Addictions, depression, and anxiety run in my family. Emotional eating is the norm. I stuff my emotions and fears by being ultra busy and productive and then retreating into a bowl of ice-cream, a cup of queso, a couple glasses of wine, or a Chick-fil-a biscuit.
My personal list of fears
I think it’s fear that keeps me from truly processing some of my emotions. We often hear phrases like ‘fear is not a factor’ or ‘overcome your fears’. These phrases make it sound like fear is something we need to avoid or quickly get over.
I’m believe we should face fear in the face and really look at her. Ask her why she is here? Why now – in this very moment? What are we supposed to learn from this experience?
Reading, blogging, and listening to self-help podcasts are tools I have been using to help me process and reflect and essentially get better at recognizing my emotions and fears. I want to learn to expect the fear and learn more about myself in the process. Just like anything we want to improve, I have to practice facing my fears and emotions until it becomes a rote habit.
I have several fears jumbling around in my head right now:
- Fear of getting old
- Fear of becoming really overweight & losing my mobility
- Fear of my marriage becoming stale
- Fear of my business failing
- Fear of not teaching my kids enough before they graduate
- Fear of not having enough money for retirement
- Fear of my teenagers pushing me out of their lives
- Fear of being a child without living parents or grandparents
- Fear of being too busy that I’m missing the journey
- Fear of not worshiping God enough
- Fear of not reaching my fitness goals
When I go back and reread my list of fears what strikes me is that these are all things I truly care about and value: my health, my relationships, my family, my security, my faith…my happiness.
Fears can be good.
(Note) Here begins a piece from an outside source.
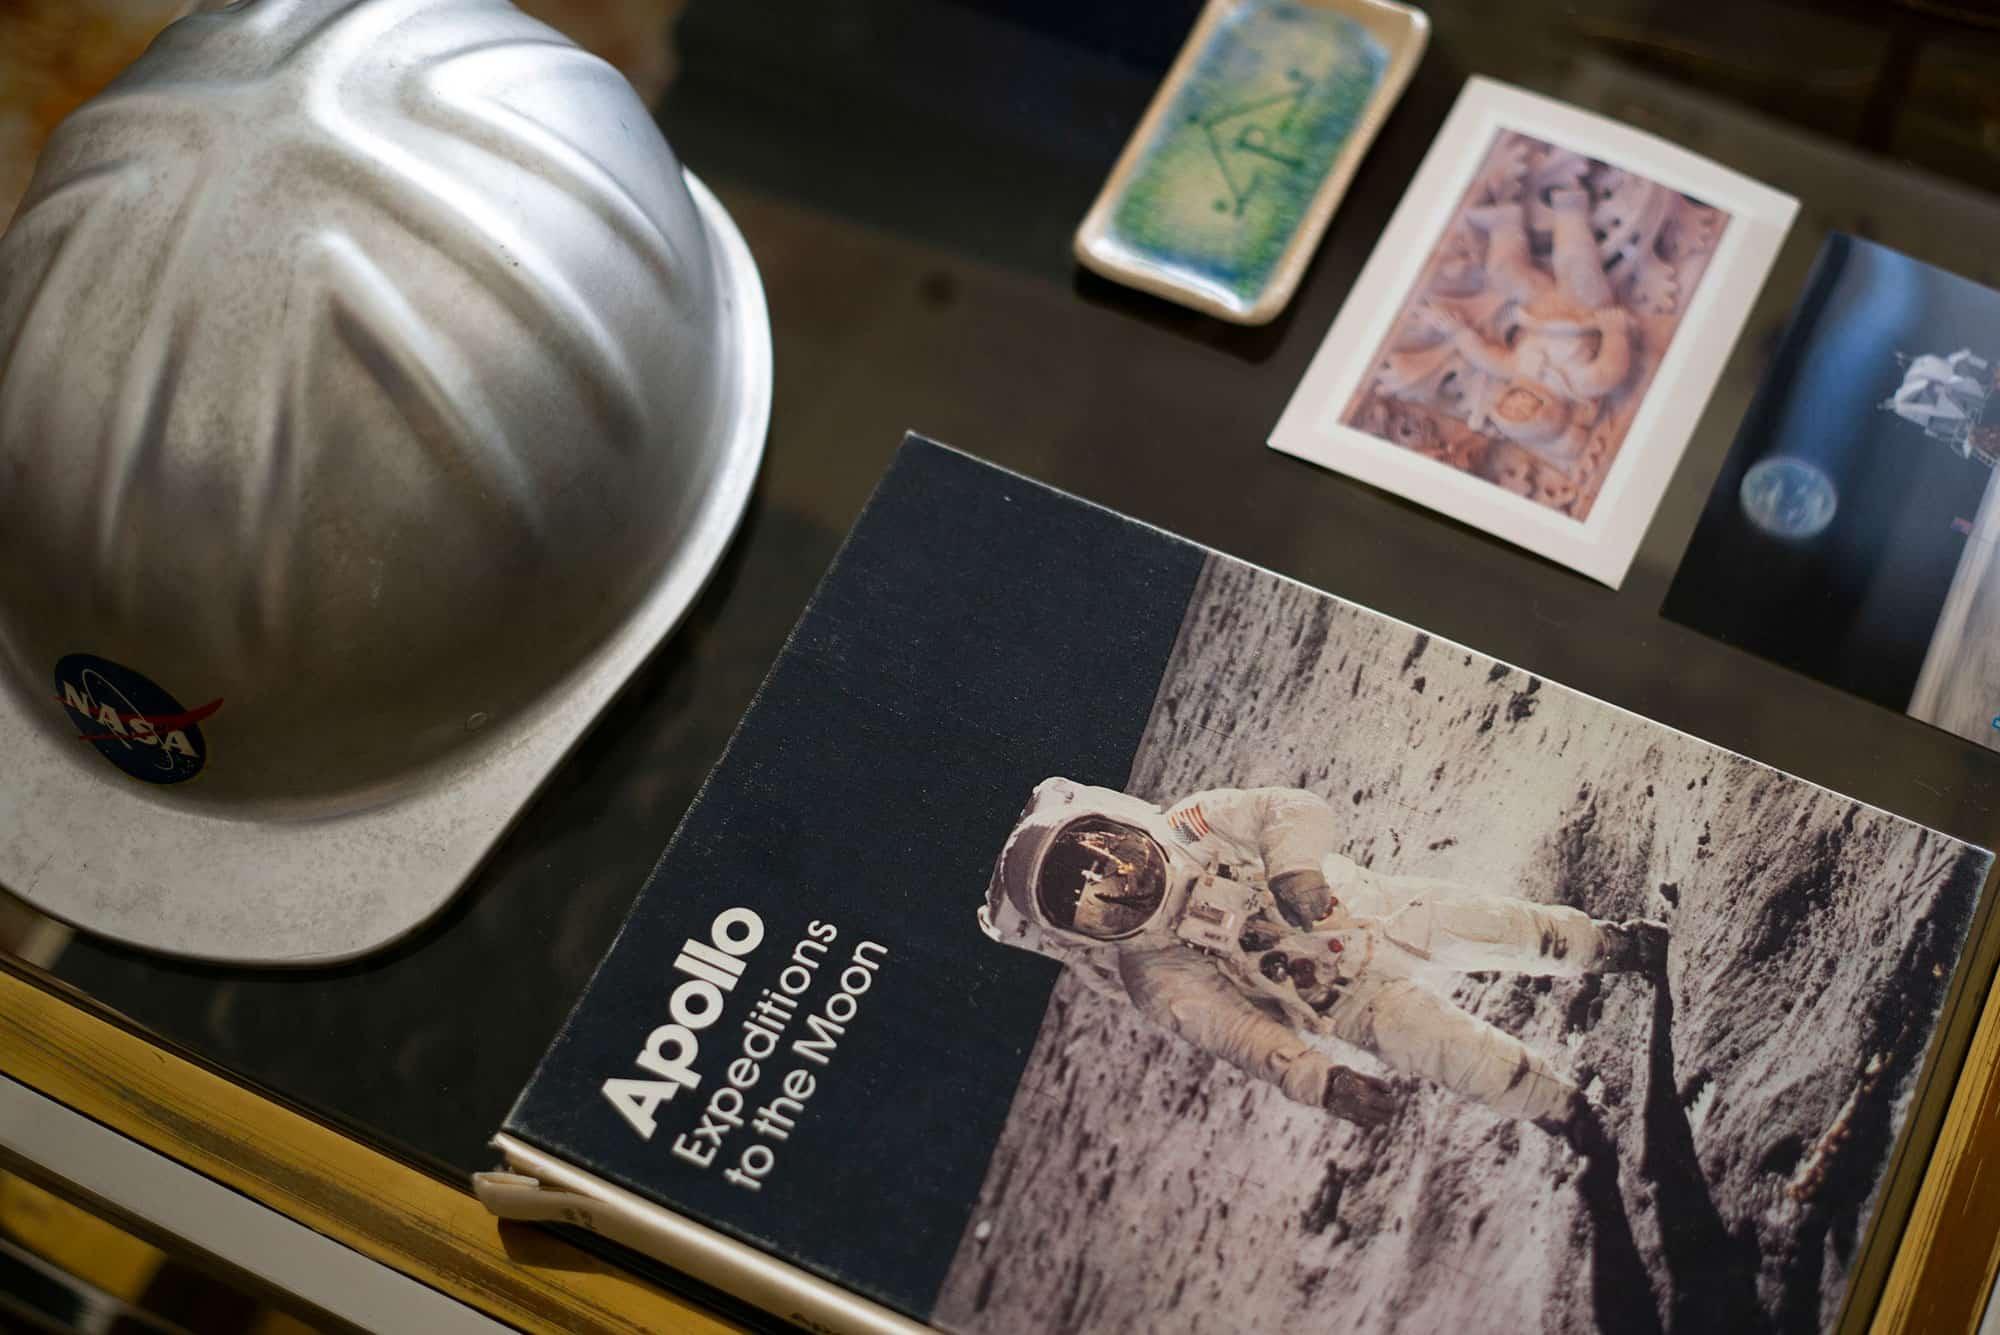 El casco de la NASA y un libro sobre las misiones Apolo de Ruiz de Gopegui
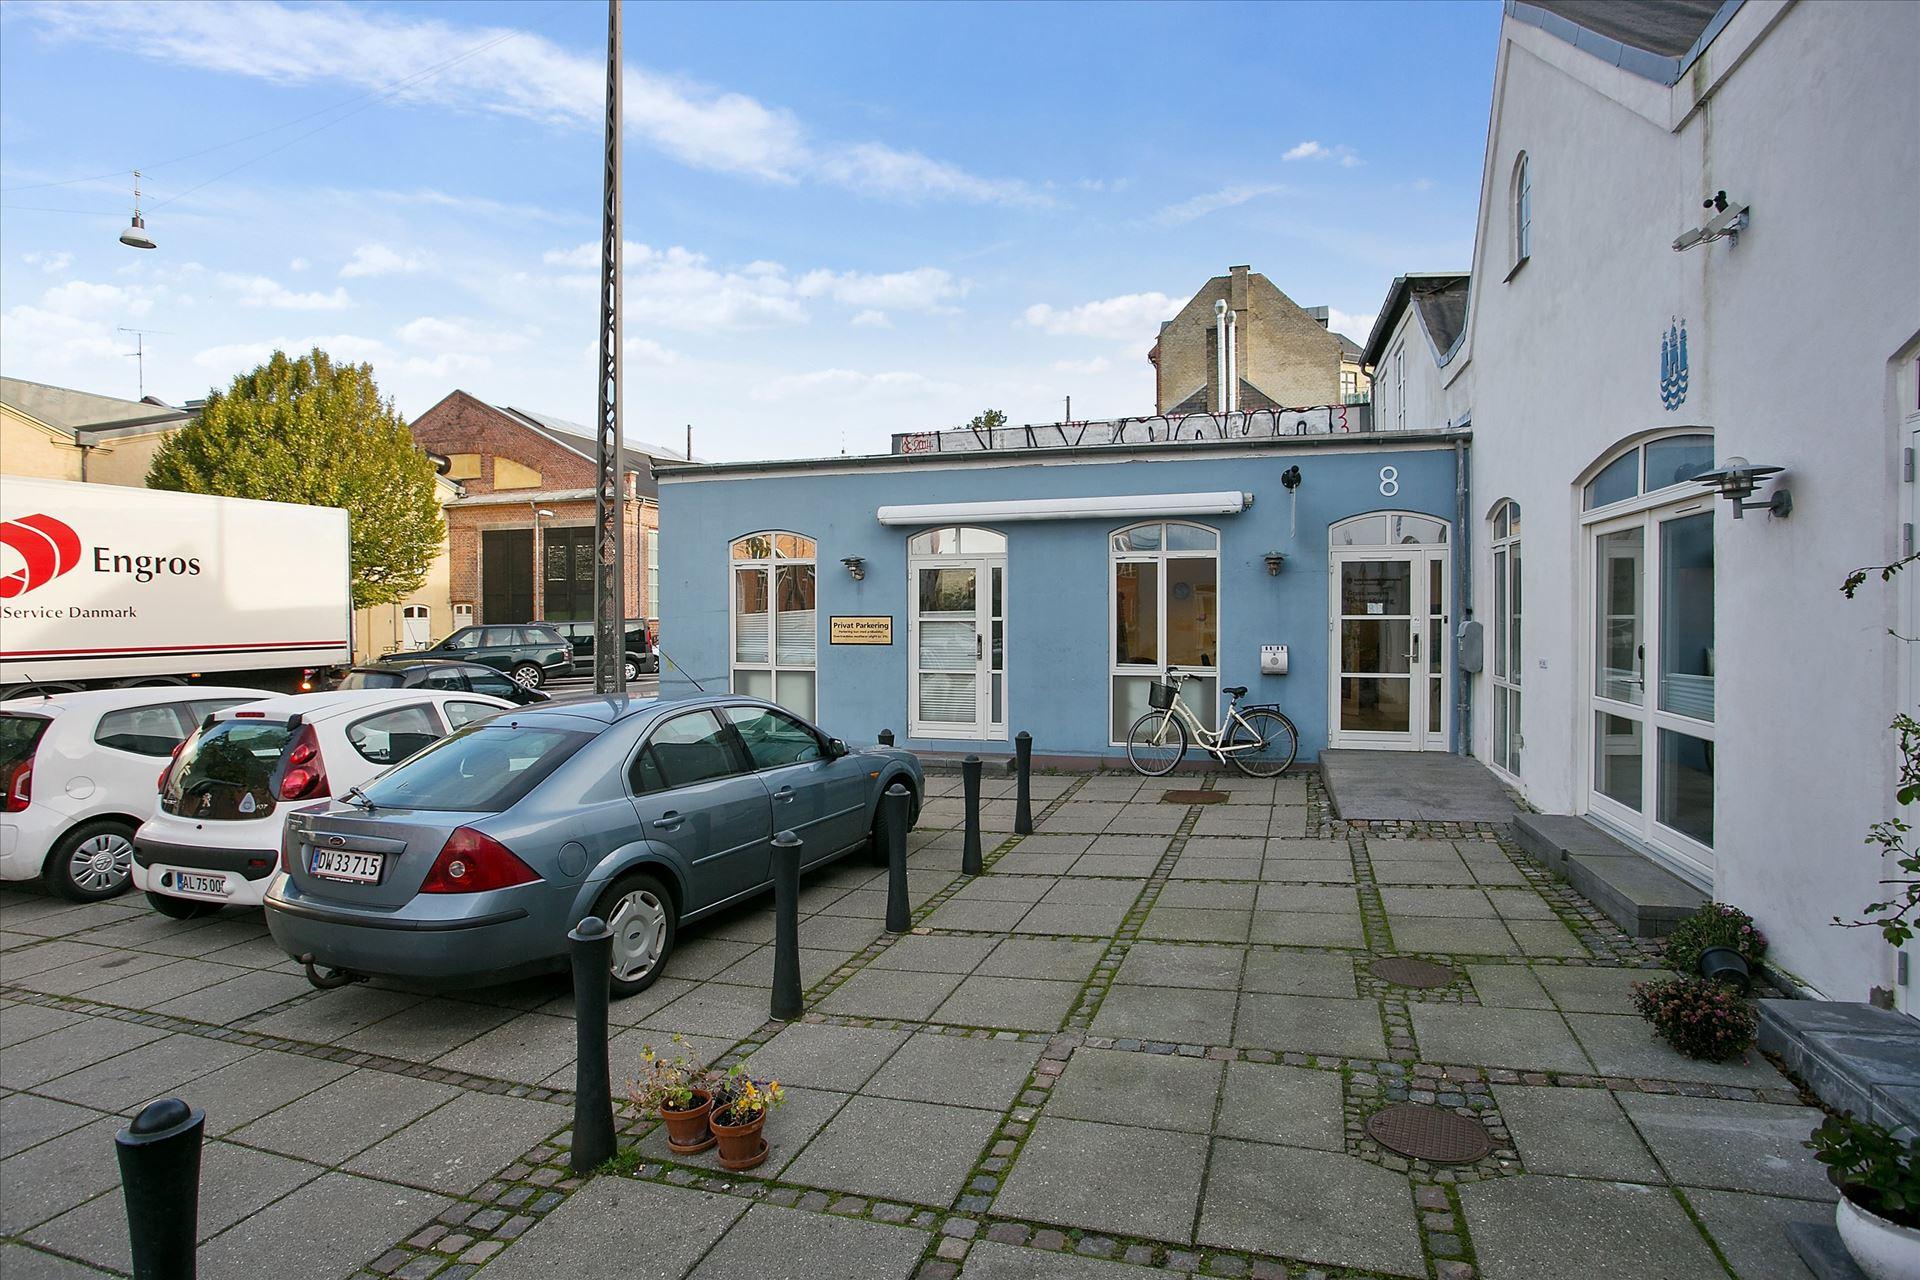 384 m² café/kontor ved Nørrebro st.

They keep us focused and hungry for improvement.
Some of these fears I have like losing a family member or getting older is really about grieving a physical and emotional loss. Grieving is a sign that we even cared, loved and valued these individuals or our youth. Caring is a good thing!
Listen to your inner voice
I coach family caregivers how to prevent burnout by taking care of their own health & happiness. I wouldn’t be a relate-able or an effective coach if I didn’t struggle with emotional and physical self-care. I’m essentially just like many of you but maybe just a little ahead of where you are now which allows me to easily see where you are and help you take the next few steps toward a happier & healthier lifestyle.
Health & happiness is not a destination with a finish line, it’s a continual journey. As we age and encounter all of life’s circumstances we learn more about ourselves. While life is happening to us it’s also happening to everyone we come into contact with and impacts our relationships.
In this post, I don’t want to offer solutions. I just want to encourage time for you to reflect on your own personal fears and to process your feelings and emotions. Listen to your inner voice and have a conversation with her. I know an extra step I want to practice is expressing my fears and feelings out loud to my kids, my husband, and my friends.
We can do hard things. Truly. We already have done and continue to do hard things. Reflect on that, too. Remember how you felt during those times?
I know it felt impossible, overwhelming, stressful, lonely and consuming. And, you survived it!
We grew from the struggles and learned how to navigate life better.
I think when the fear seems larger than life it’s important to know that we aren’t alone. Others are feeling or have felt this exact same way. There is strength in numbers and we can support and lift each other. We do this in the public Happy Healthy Caregiver Facebook Group and on a deeper and private level in the Happy Healthy Caregiver Community.
I love that. We CAN do hard things and we don’t have to do them alone.